Teachers can’t do everything. Teachers who remain have a lot more responsibility than when they left, which raises the likelihood of burnout and departure. While I don’t have all the answers, I refer to this vicious loop as “killing the survivors.” Nevertheless, we need to recognize the issue and try to find solutions.


We give teachers the mental bandwidth they need to give their all to their students by clearing their plates of things that aren’t contributing to their learning.


Mental Health must be a prioritized for teachers. I can’t recall a period when teachers were the main focus of education policy creation. The majority of the time, educational policy is formulated with students’ needs in mind, which typically means that teachers are expected to shoulder additional responsibility in order to ensure that kids succeed. Sadly, this ignores the reality that when teachers are having difficulty, students cannot succeed.


Teachers are worth to pay well. As was already said, one major factor making teaching an unappealing job choice is poor compensation, but it’s not the only one. Teachers believe that society as a whole does not value their profession, hence the issue goes beyond money.


A teacher’s role is to teach their students how to be creative both within and outside of the classroom. A skilled teacher can spark the imagination. For young students, creativity is really crucial. Educating children to think critically is more important to us as educators than simply imparting knowledge so they can memorize it for the next test. Instead of focusing on memory, teachers should help pupils develop their ability to think critically and come up with original answers to questions.

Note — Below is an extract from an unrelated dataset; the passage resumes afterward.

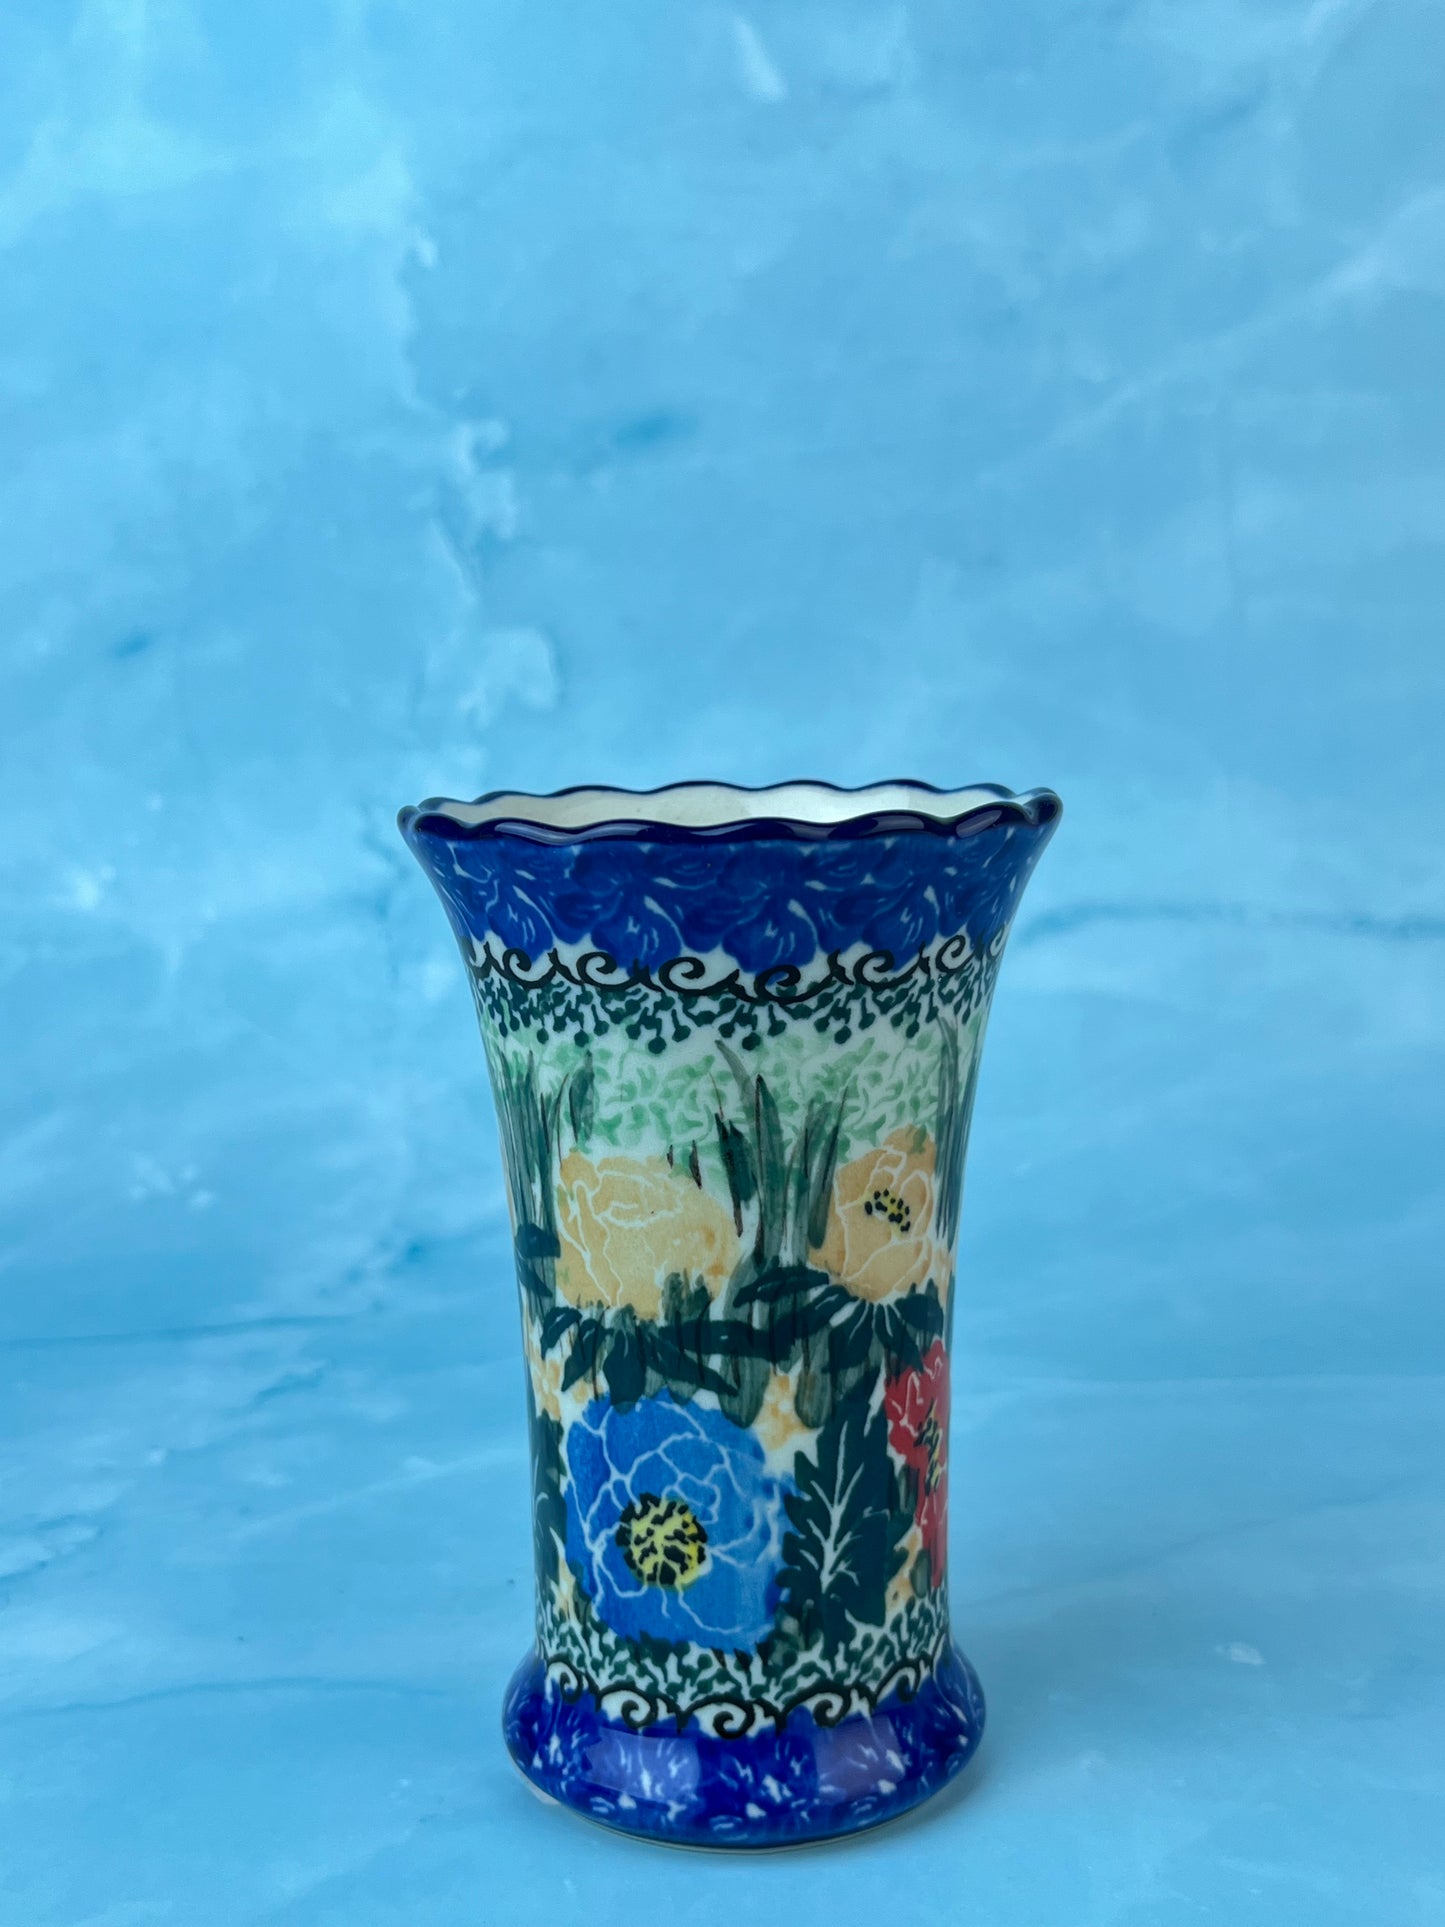 Ruffled Unikat Bud Vase - Shape 127 - Pattern U3553
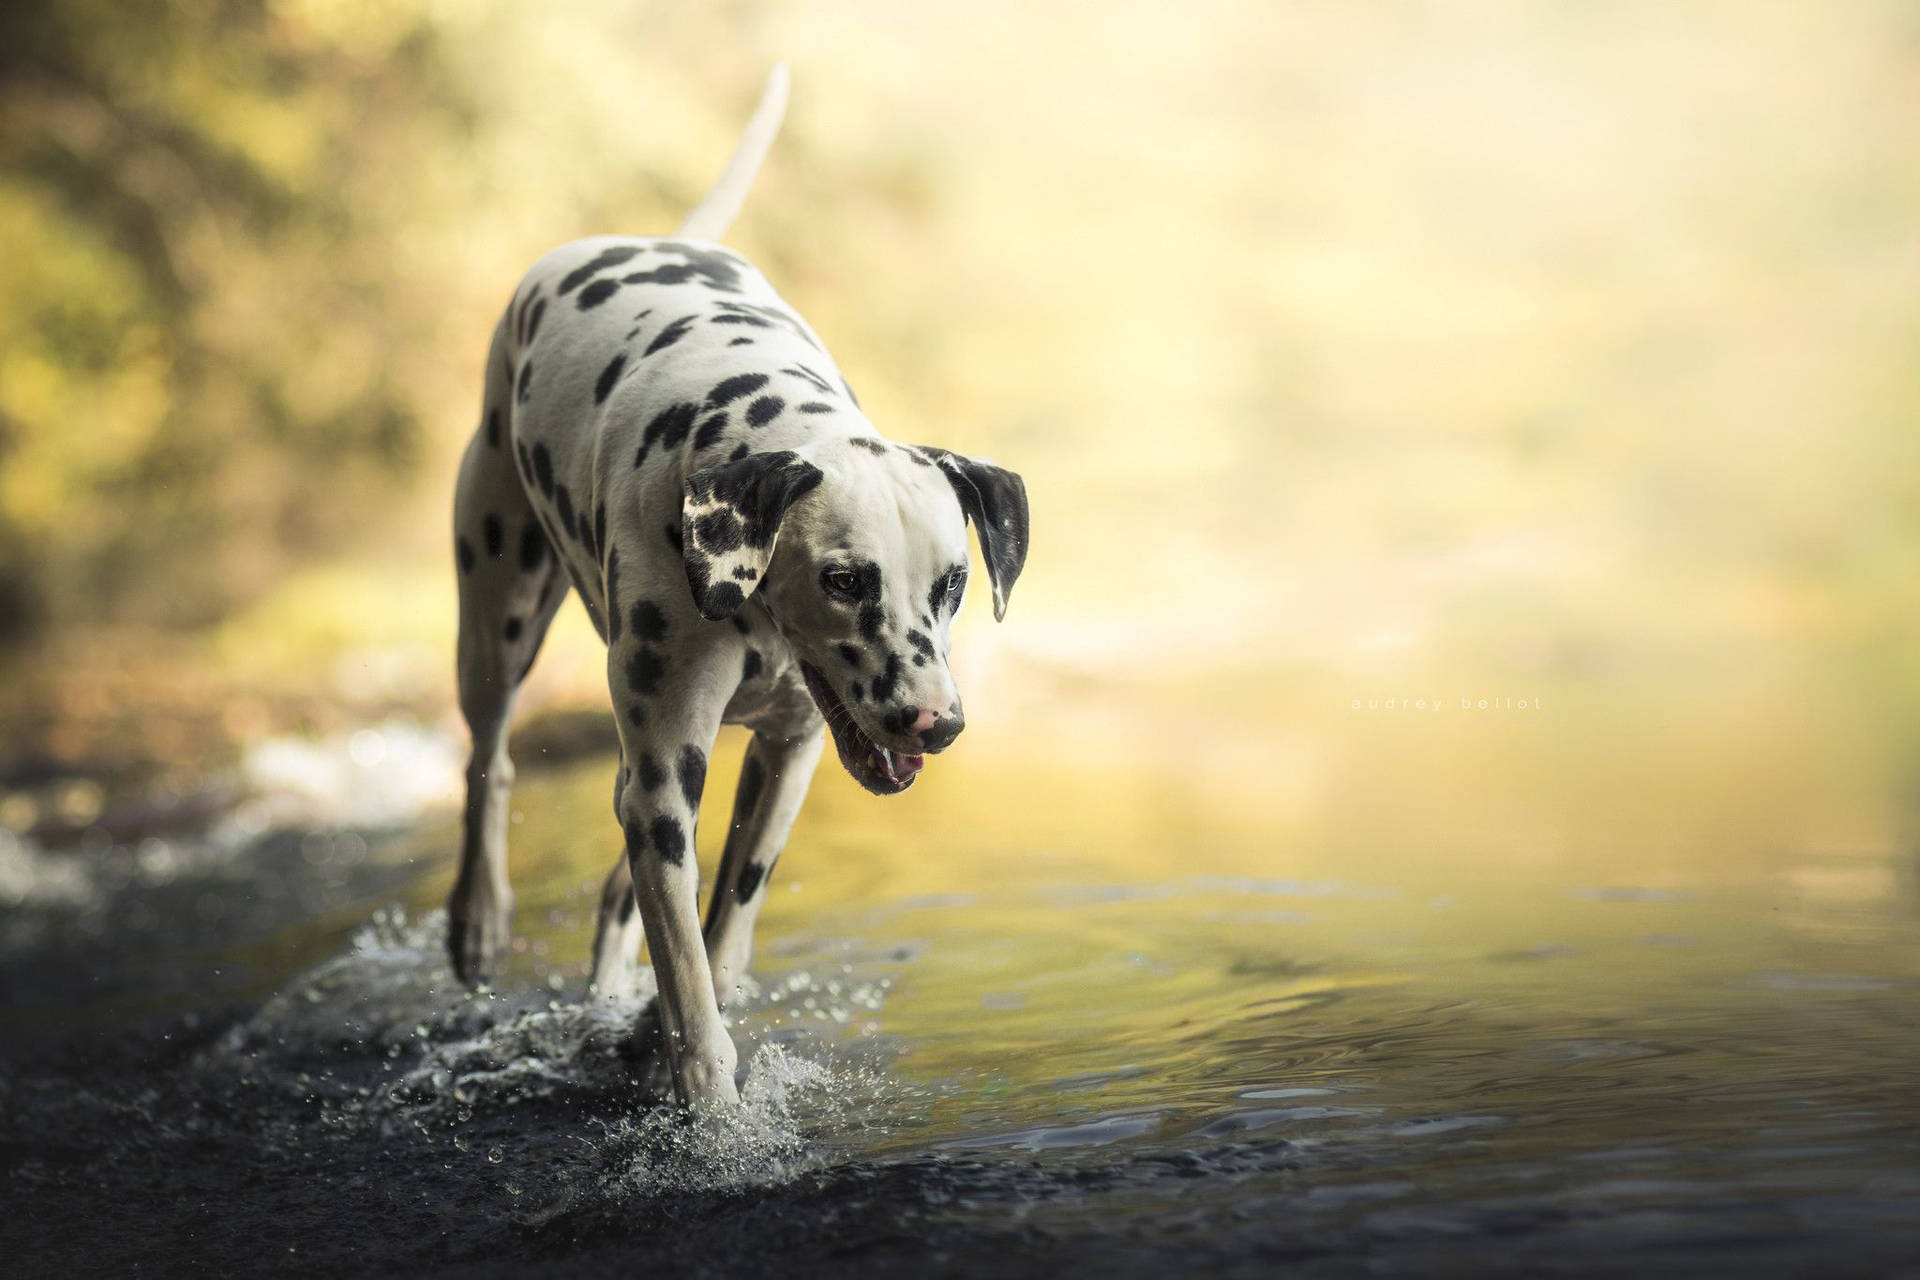 Dalmatian Dog Photo Shot

The amount that society appreciates teachers determines how much they should be paid. The brutally honest reality that teachers experience on an emotional and financial level really can’t be avoided.


Healthy Teachers gives positive impact to students. We need to foster an environment that supports teachers’ success if we want children to achieve. If we want to revive the education field as a desirable place to work, these four insights are essential.


In the business sector, organizations with poisonous work environments eventually fail if they don’t make significant changes. But when our educational system is poisonous, it will ultimately cost us all—students included. Even though it’s too big to fail, it still has the potential to. Every day, it has the potential to fail our communities, educators, administrators, counselors, and eventually all of us.


Increasing the number of persons entering the field will help address the staffing shortage in education. And we have to help the ones we already have in order to do that.


In general, education aims to mold our pupils into the most admirable people they can be. Two of the greatest methods to monitor learning, in my opinion, are by employing creativity and teaching from experience. Every kid has the capacity to learn and the right to receive instruction. We must ensure that we are showing our students respect and consideration. As educators, we must never forget that we are forming the minds of the future.